Now that you've opened my eyes, shouldn't we make sure that everyone understands that to dissent from war, or to criticize our Leader, gives comfort to The Enemy?  In fact, shouldn't it be _illegal_?  

Come to think of it, this upcoming election is bound to elicit all kinds of criticism of our Leader, so, we really ought to at least _postpone_ it, don't you think, until the war is over?  

I mean, the War on Terror can't last forever... can it?

----------


## chm2023

We are fighting in Iraq to bring them liberty and democracy (thus sayeth Bushie);  liberty and democracy mean that citizens have the right to speak out against government actions;  BUT, we should not speak out against our government's actions.  HUH????

I can say a lot about the right-wing but their lack of any sense of irony is the very worst.

----------


## keithbenjamin

Oh, both of you grow up. I never said you didn't have the right to speak. I was suggesting perhaps you might think of the possible consequences before speaking (and I know you do, albeit a different set of consequences, but not all of your brethren on the left do). There is a very fine line between speaking out in a time of war and treason. For example people at these anti-war ralies speaking against the occupation of Iraq and calling on others to provide support to those in Iraq fighting the US. The FBI should unquestionably be on these folks doorsteps. 

I also belive that many on the left publicly rail against the policy on Iraq and hope to see things go sour simply because the see political advantage in it.

----------


## chm2023

You said that speaking out against the war is tantamount to "pulling the trigger" of a gun against our military personnel.  That was a very, very foolish thing to say.  I suspect that having realized that it was foolish--all that tiresome Bill of Rights stuff, you're now adding the twist of: "and calling on others to provide support for those in Iraq fighting the US", as if these were the same things, or meant the same thing.

----------


## shanbaum

> *keithbenjamin said:* 
> Oh, both of you grow up.
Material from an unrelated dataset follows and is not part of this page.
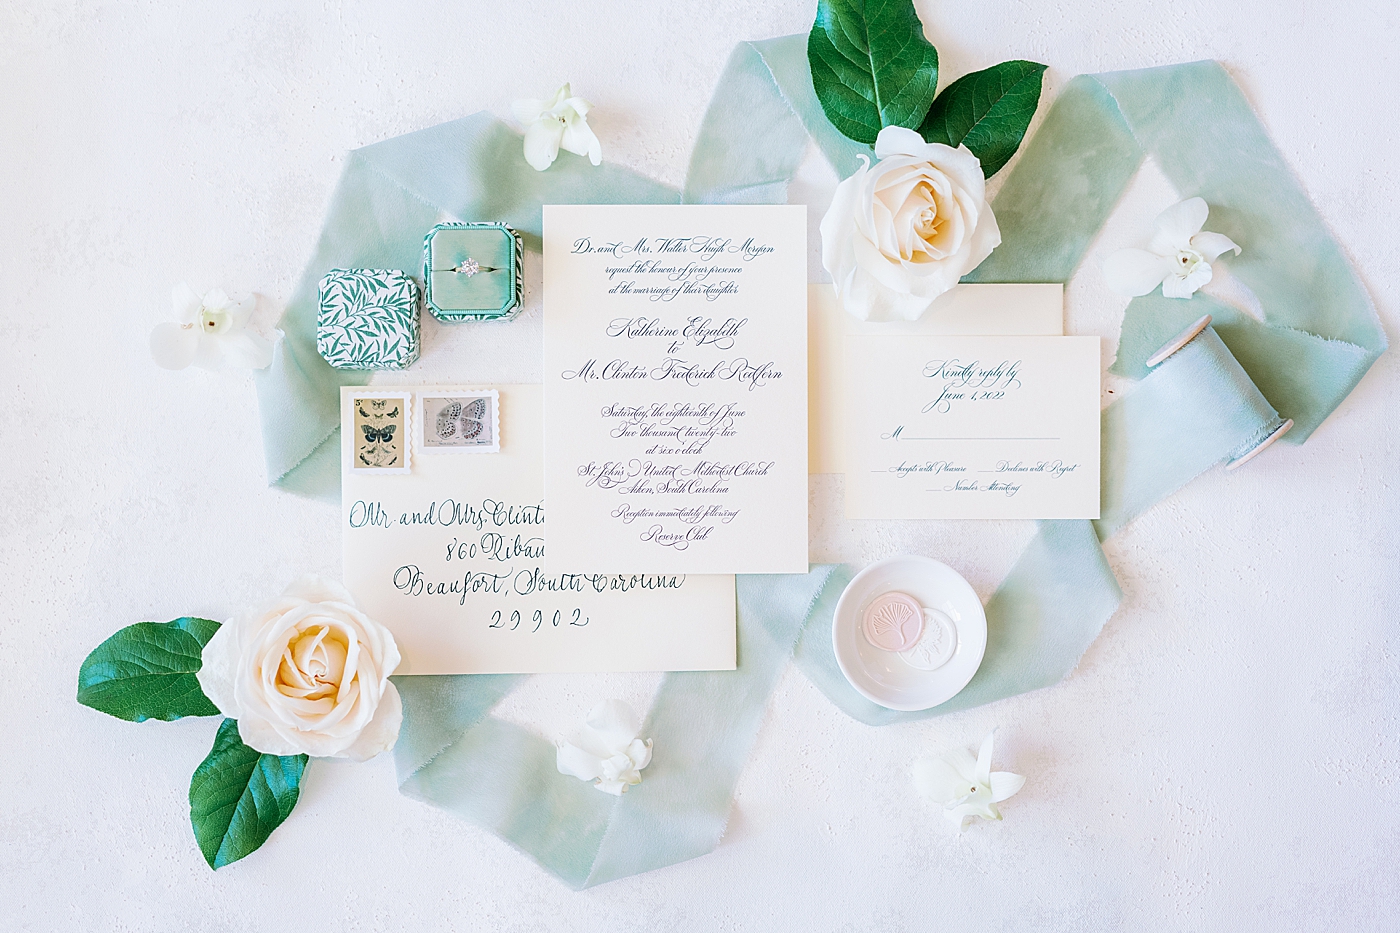 Bridal invitation styled with florals and blue ribbon | Image by Annie Laura Photo

I never said you didn't have the right to speak. I was suggesting perhaps you might think of the possible consequences before speaking (and I know you do, albeit a different set of consequences, but not all of your brethren on the left do). There is a very fine line between speaking out in a time of war and treason. For example people at these anti-war ralies speaking against the occupation of Iraq and calling on others to provide support to those in Iraq fighting the US. The FBI should unquestionably be on these folks doorsteps. 
> 
> I also belive that many on the left publicly rail against the policy on Iraq and hope to see things go sour simply because the see political advantage in it.


Well, now, you _do_ take a dim view of those on the left, don't you?

I'm having a little trouble reconciling "I never said you didn't have the right to speak" with  '[T]here is a very fine line between speaking out in a time of war and treason."

There's certainly a difference between "speaking against the occupation of Iraq" and "calling on others to provide support to those in Iraq fighting the US."   _Lots_ of people may be doing the former (though I'm not one of them), without doing the latter, which I have never heard any actual American do.  

Of course, I don't listen to Rush very often, and I suspect he has played recordings of liberals at drug orgies doing exactly that.

And no, I do not want to see things "go sour" in Iraq - I wish they weren't as sour as they are today.

If the president's giddy vision of postwar Iraq had been realized (or if it is realized sometime in the not-too-distant future) - well, that would have been a Godsend.

A miracle, in fact.

----------


## keithbenjamin

> Well, now, you do take a dim view of those on the left, don't you?


Why Robert, wherever did you get that impression? :D 




> I'm having a little trouble reconciling "I never said you didn't have the right to speak" with '[T]here is a very fine line between speaking out in a time of war and treason."


Sorry you're having difficulty there. 




> Of course, I don't listen to Rush very often, and I suspect he has played recordings of liberals at drug orgies doing exactly that.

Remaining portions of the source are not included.